We present a control framework that enables humanoid robots to perform collaborative transportation tasks with a human partner. The framework supports both translational and rotational motions, which are fundamental to co-transport scenarios. It comprises three components: a high-level planner, a low-level controller, and a stiffness modulation mechanism. At the planning level, we introduce the Interaction Linear Inverted Pendulum (I-LIP), which, combined with an admittance model and an MPC formulation, generates dynamically feasible footstep plans. These are executed by a QP-based whole-body controller that accounts for the coupled humanoid-object dynamics. Stiffness modulation regulates robot-object interaction, ensuring convergence to the desired relative configuration defined by the distance between the object and the robot's center of mass. We validate the effectiveness of the framework through real-world experiments conducted on the Digit humanoid platform. To quantify collaboration quality, we propose an efficiency metric that captures both task performance and inter-agent coordination. We show that this metric highlights the role of compliance in collaborative tasks and offers insights into desirable trajectory characteristics across both high- and low-level control layers. Finally, we showcase experimental results on collaborative behaviors, including translation, turning, and combined motions such as semi circular trajectories, representative of naturally occurring co-transportation tasks.

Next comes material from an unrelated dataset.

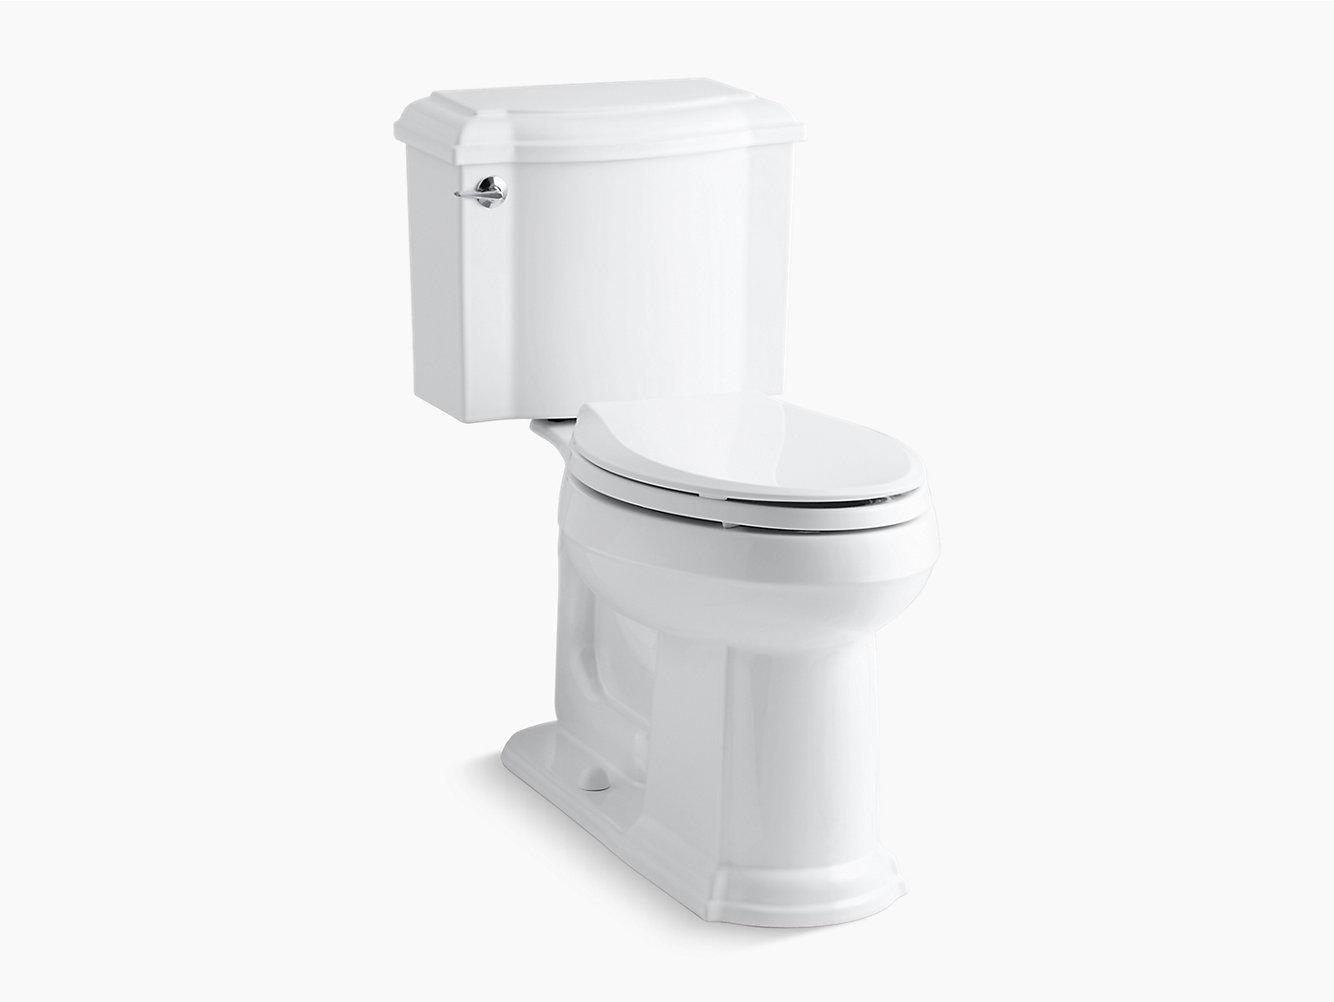 Kohlerk 3837devonshire two piece elongated 128 gpf toilet kohler view larger pooptronica Image collections

翻译：本文提出一种控制框架，使人形机器人能够与人类伙伴协作执行搬运任务。该框架同时支持平移与旋转运动，这两者是协同搬运场景中的基本运动模式。框架包含三个组成部分：高层规划器、底层控制器及刚度调节机制。在规划层，我们引入交互线性倒立摆模型，结合导纳模型与模型预测控制公式，生成动力学可行的步态规划。这些规划通过基于二次规划的全身控制器执行，该控制器考虑了人形机器人-物体耦合动力学。刚度调节机制用于调控机器人-物体间的相互作用，确保系统收敛至由物体与机器人质心间距离定义的期望相对构型。我们在Digit人形机器人平台上通过实物实验验证了框架的有效性。为量化协作质量，我们提出一种效率度量指标，该指标同时捕获任务性能与智能体间协调性。实验表明该指标能突显柔顺性在协作任务中的作用，并为高层与底层控制层中理想轨迹特性提供见解。最后，我们展示了包括平移、转向及半圆形轨迹等复合运动在内的协作行为实验结果，这些运动代表了自然发生的协同搬运任务。